2 files changed, 93 insertions, 0 deletions
diff --git a/Documentation/filesystems/nfs/00-INDEX b/Documentation/filesystems/nfs/00-INDEX
index 1716874a651e..66eb6c8c5334 100644
--- a/Documentation/filesystems/nfs/00-INDEX
+++ b/Documentation/filesystems/nfs/00-INDEX
@@ -20,3 +20,5 @@ rpc-cache.txt
        - introduction to the caching mechanisms in the sunrpc layer.
 idmapper.txt
        - information for configuring request-keys to be used by idmapper
+knfsd-rpcgss.txt
+        - Information on GSS authentication support in the NFS Server
diff --git a/Documentation/filesystems/nfs/rpc-server-gss.txt b/Documentation/filesystems/nfs/rpc-server-gss.txt
new file mode 100644
index 000000000000..716f4be8e8b3
--- /dev/null
+++ b/Documentation/filesystems/nfs/rpc-server-gss.txt
@@ -0,0 +1,91 @@
+rpcsec_gss support for kernel RPC servers
+=========================================
+This document gives references to the standards and protocols used to
+implement RPCGSS authentication in kernel RPC servers such as the NFS
+server and the NFS client's NFSv4.0 callback server.  (But note that
+NFSv4.1 and higher don't require the client to act as a server for the
+purposes of authentication.)
+RPCGSS is specified in a few IETF documents:
+ - RFC2203 v1: http://tools.ietf.org/rfc/rfc2203.txt
+ - RFC5403 v2: http://tools.ietf.org/rfc/rfc5403.txt
+and there is a 3rd version  being proposed:
+ - http://tools.ietf.org/id/draft-williams-rpcsecgssv3.txt
+   (At draft n. 02 at the time of writing)
+Background
+----------
+The RPCGSS Authentication method describes a way to perform GSSAPI
+Authentication for NFS.  Although GSSAPI is itself completely mechanism
+agnostic, in many cases only the KRB5 mechanism is supported by NFS
+implementations.
+The Linux kernel, at the moment, supports only the KRB5 mechanism, and
+depends on GSSAPI extensions that are KRB5 specific.

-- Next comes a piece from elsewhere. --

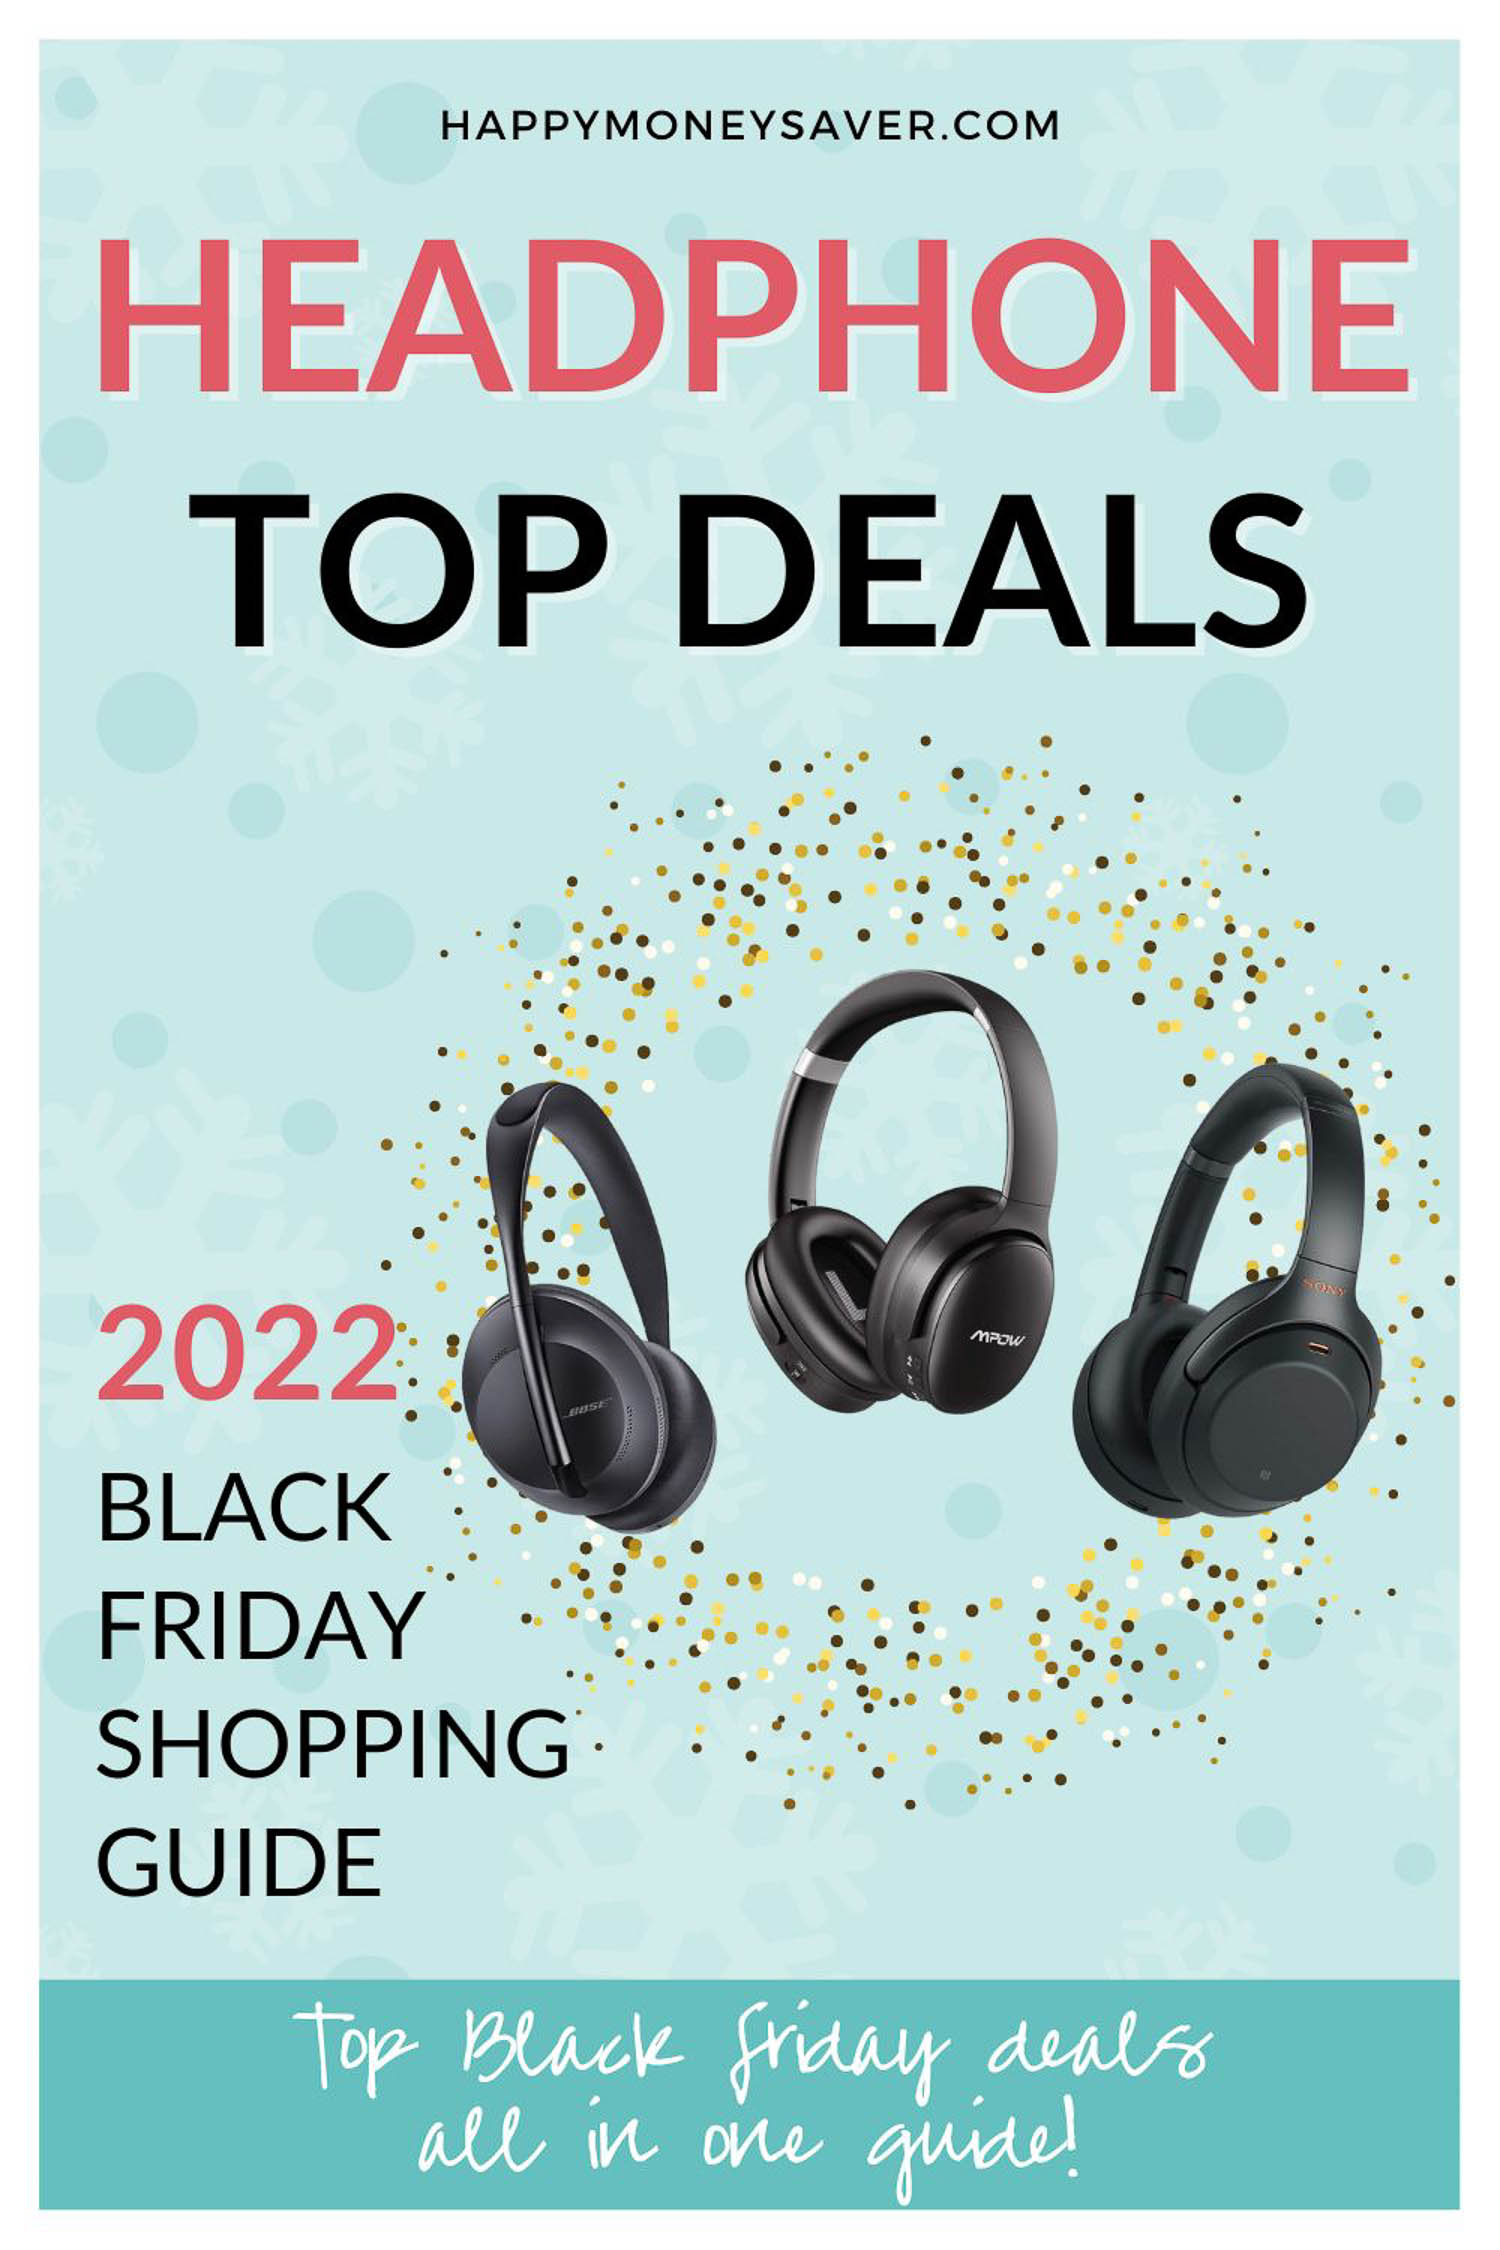 Top Black HEADPHONE Deals for 2022-HappyMoneySaver
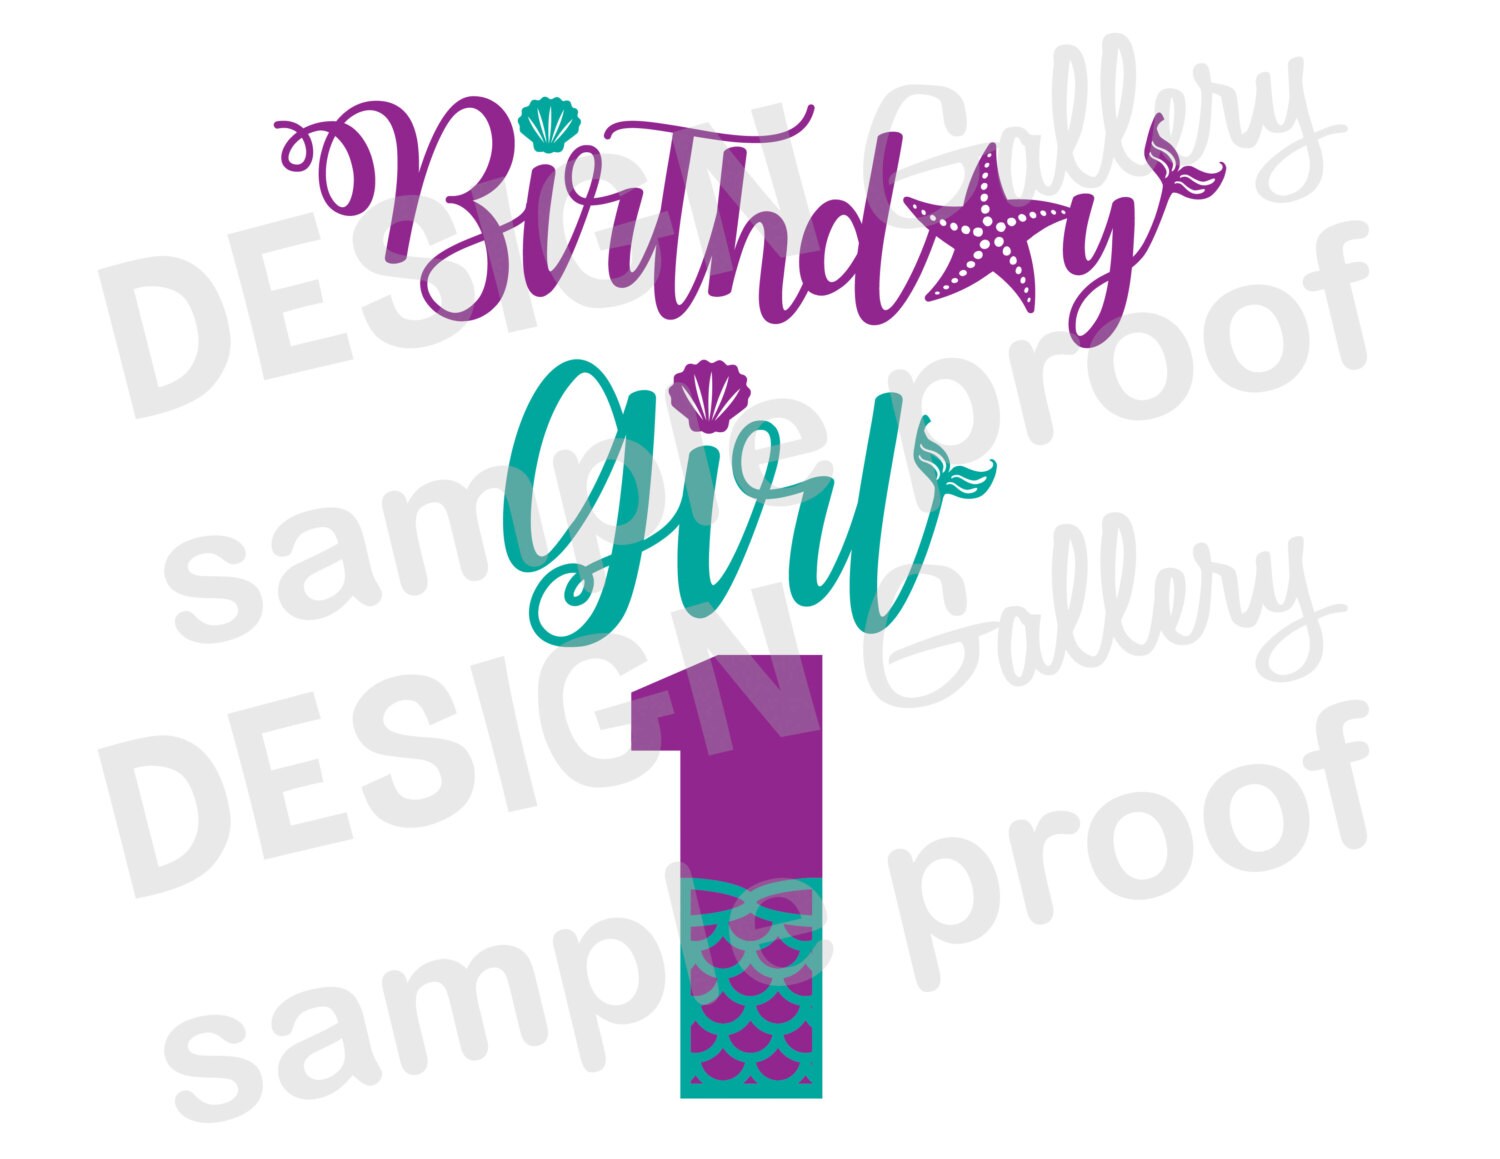 Birthday Girl 1 one Mermaid style image JPG png & SVG

+GSSAPI is a complex library, and implementing it completely in kernel is
+unwarranted. However GSSAPI operations are fundementally separable in 2
+parts:
+- initial context establishment
+- integrity/privacy protection (signing and encrypting of individual
+  packets)
+The former is more complex and policy-independent, but less
+performance-sensitive.  The latter is simpler and needs to be very fast.
+Therefore, we perform per-packet integrity and privacy protection in the
+kernel, but leave the initial context establishment to userspace.  We
+need upcalls to request userspace to perform context establishment.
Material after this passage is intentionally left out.